#### DATA SHOWN:
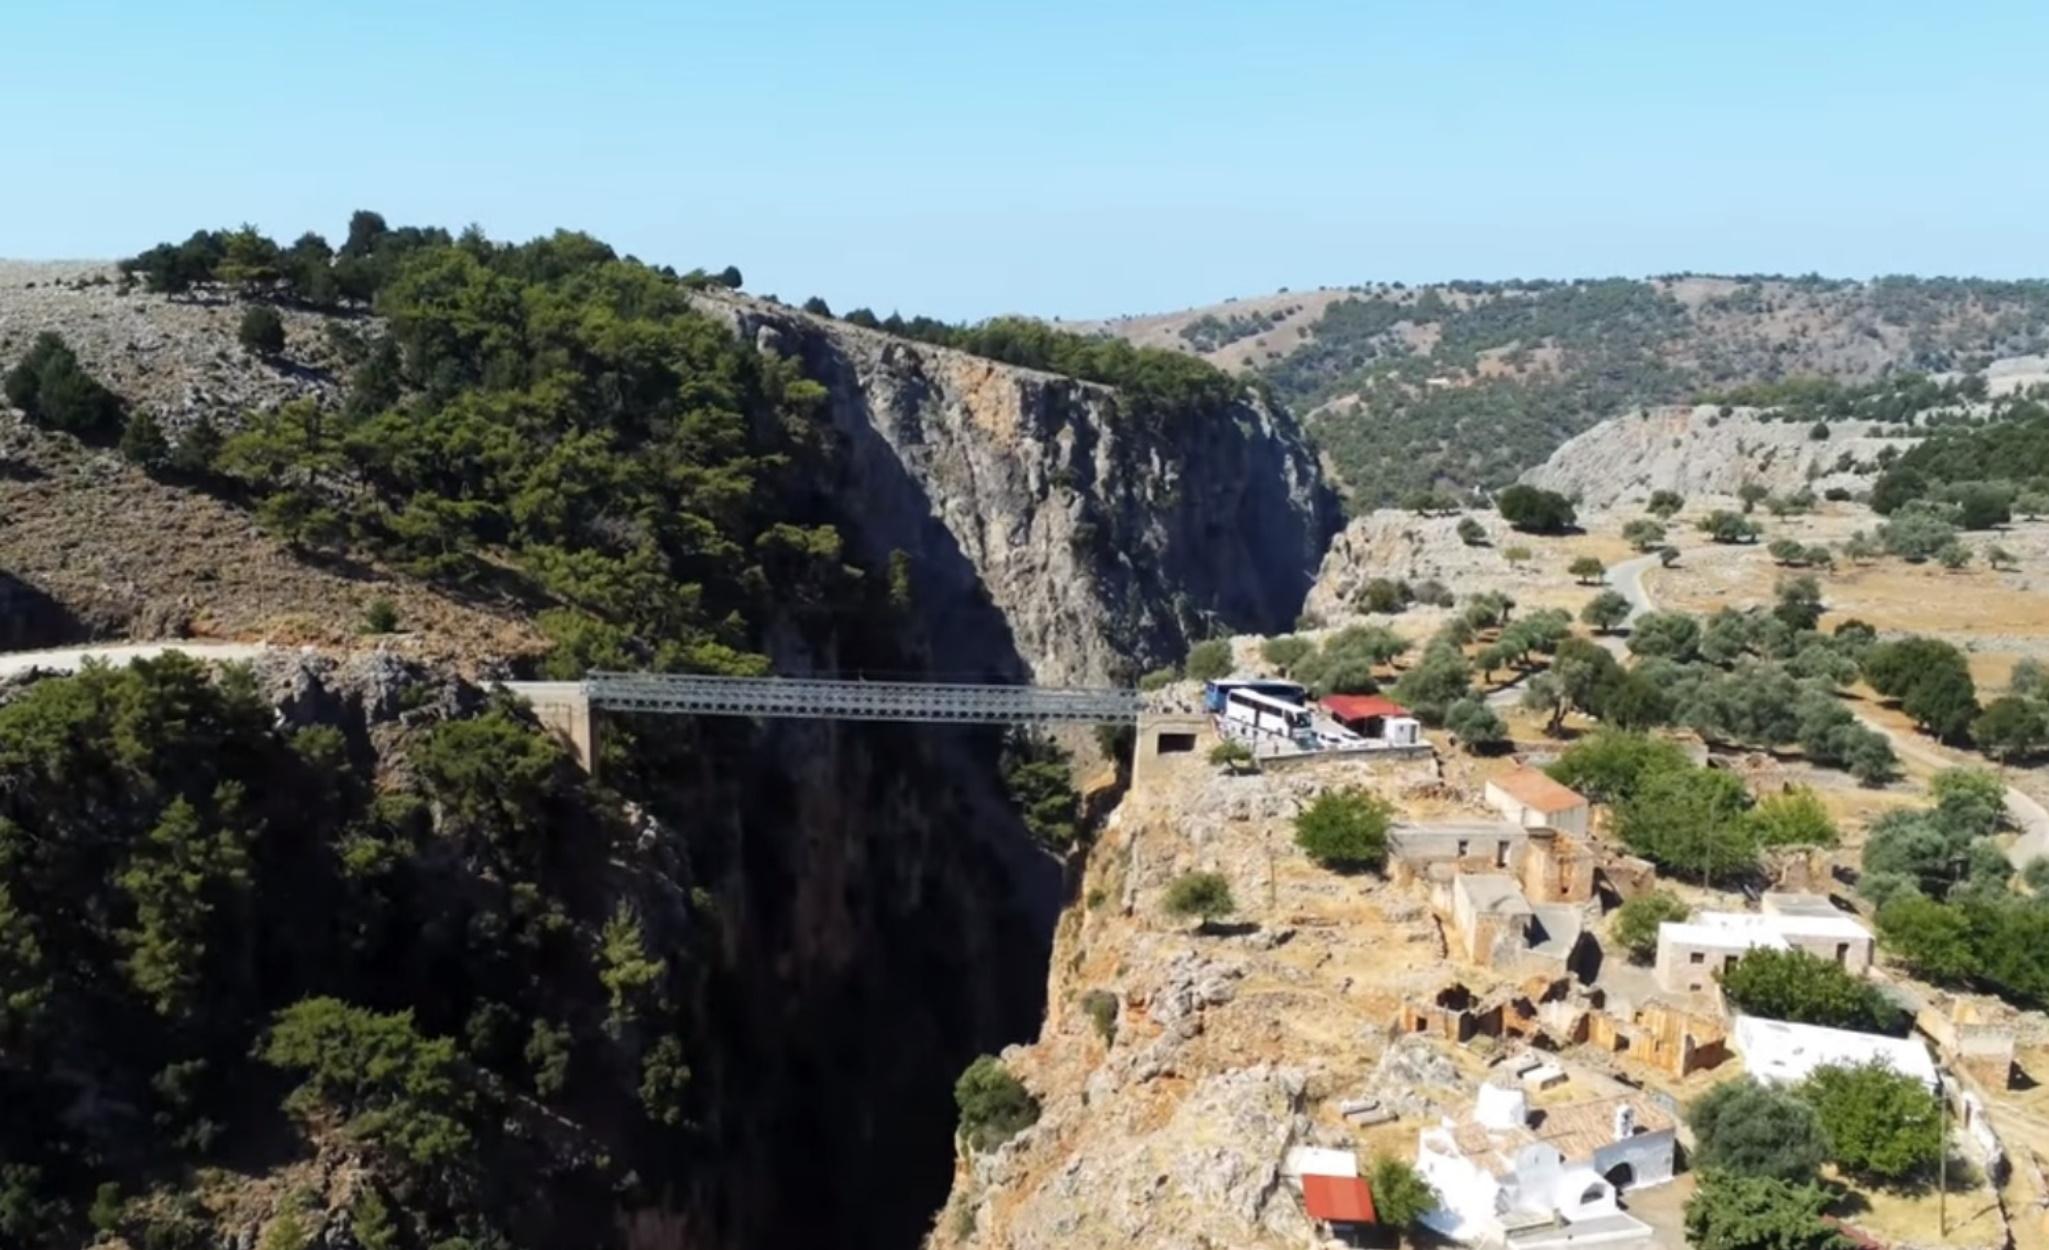 Το ελληνικό χωριό που βρίσκεται στο χείλος του γκρεμού
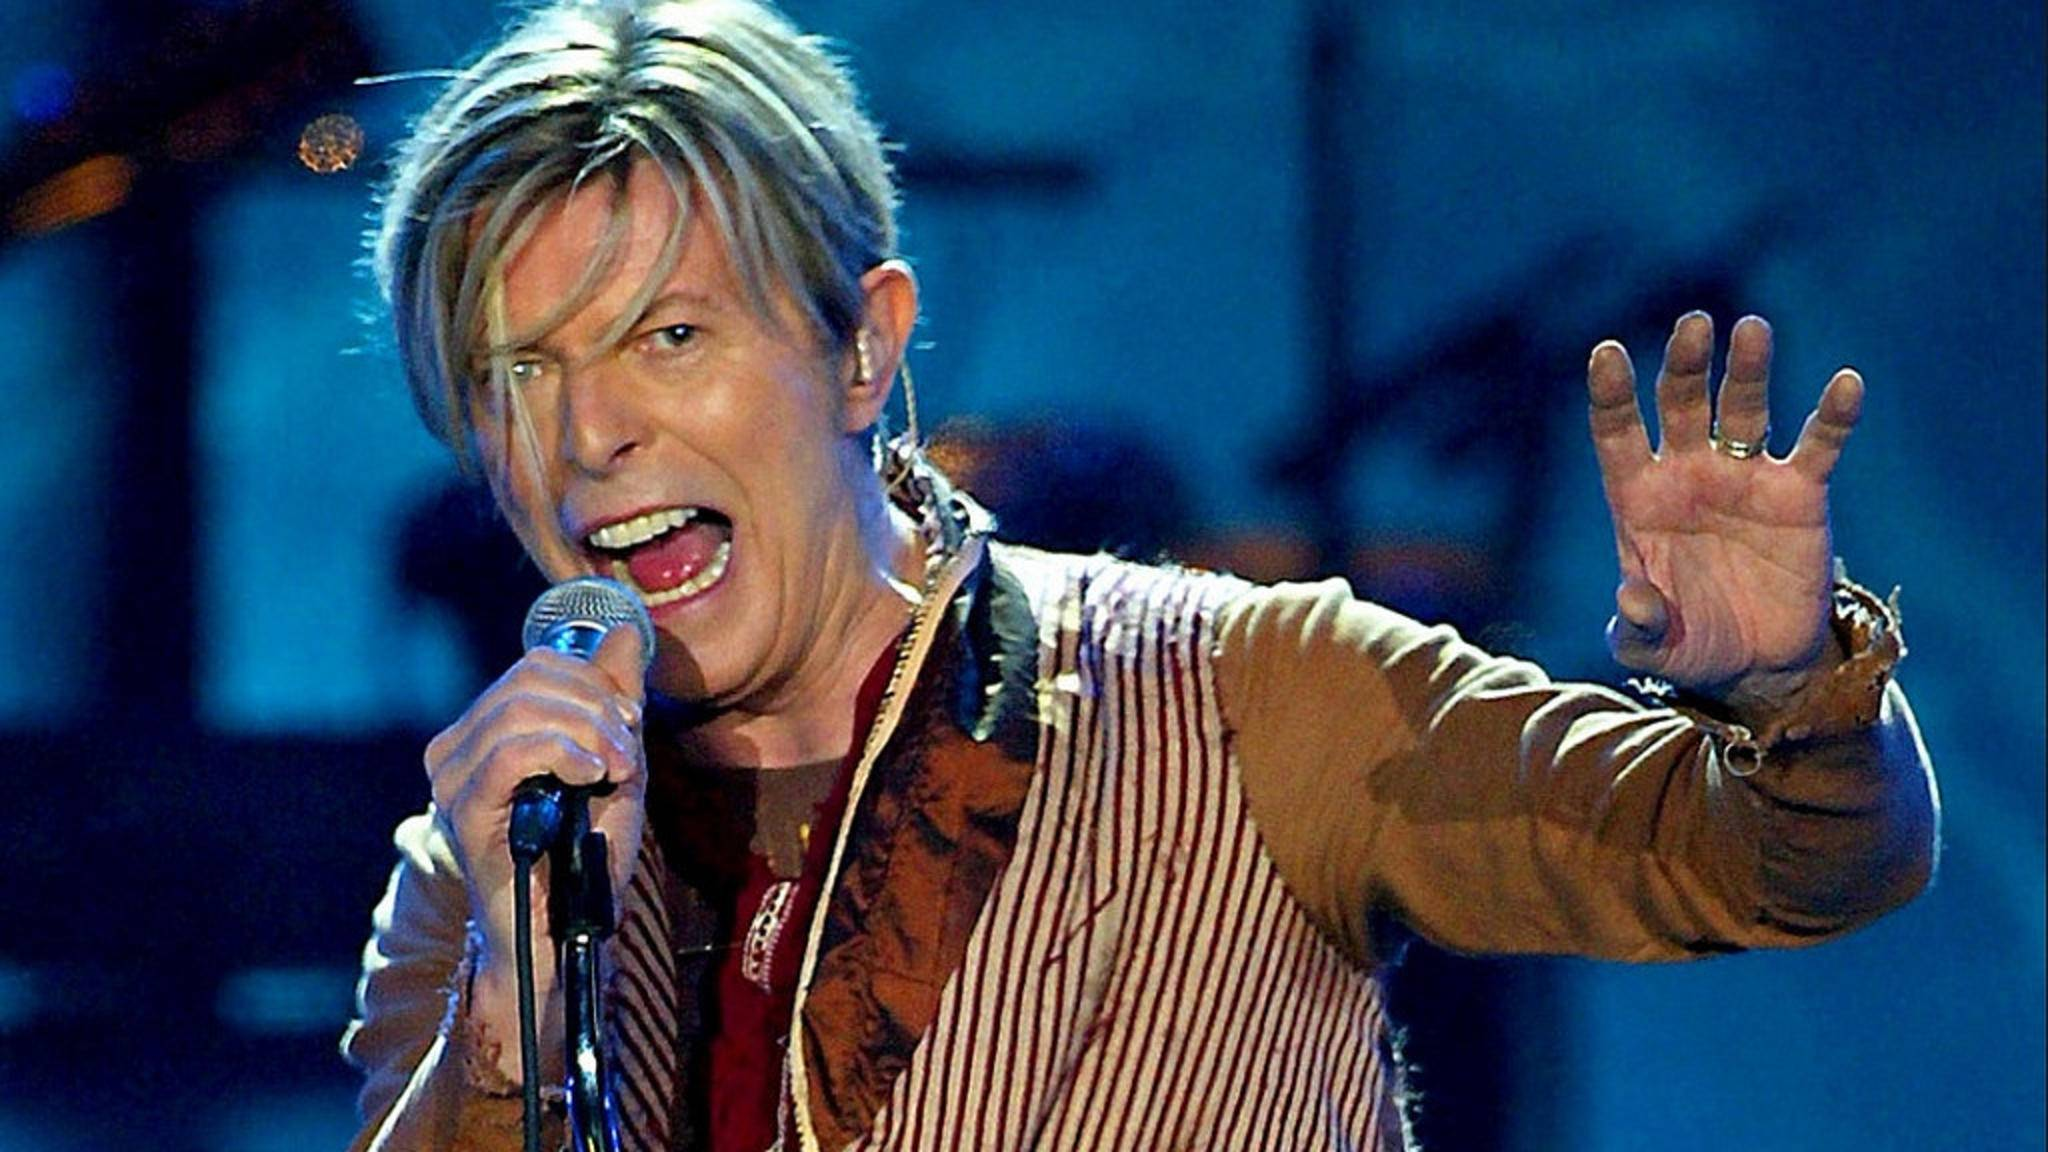 Die britische Royal Mail bringt Briefmarken mit David Bowies Albumcovern auf den Markt.
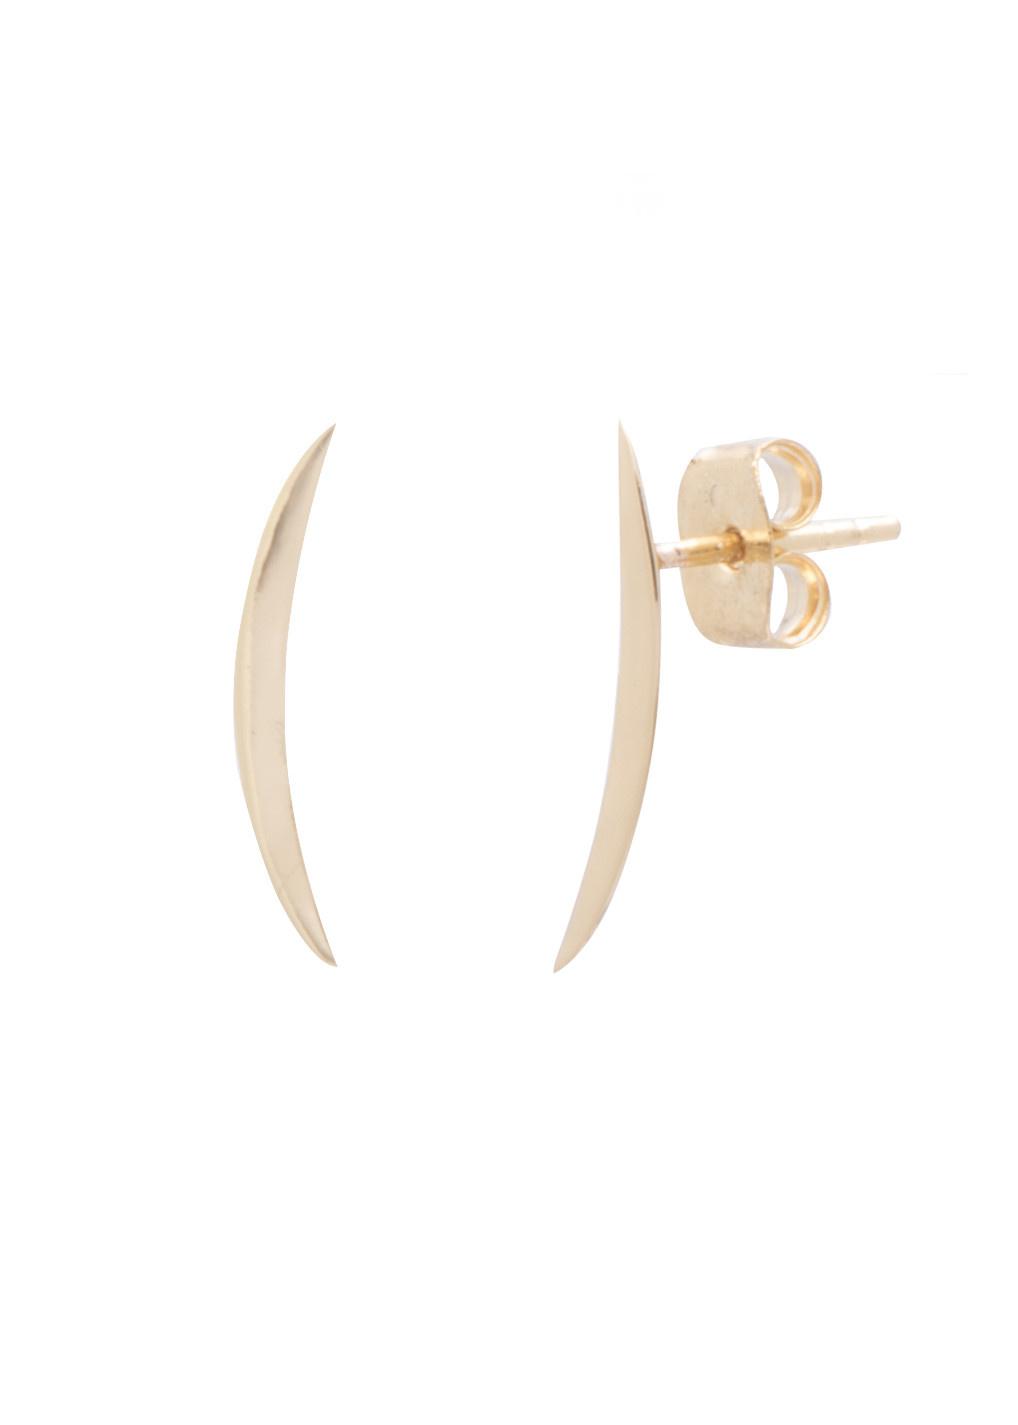 Sarah Mulder Jewelry Sarah Mulder Jewelry - Boucles d'oreilles Slice

#### TASK ITEM:
Omit every picture, then reproduce the rest of the listing exactly.

#### PROBLEM SOLUTION:
 Το ελληνικό χωριό που βρίσκεται στο χείλος του γκρεμού
 Die britische Royal Mail bringt Briefmarken mit David Bowies Albumcovern auf den Markt.
 Sarah Mulder Jewelry Sarah Mulder Jewelry - Boucles d'oreilles Slice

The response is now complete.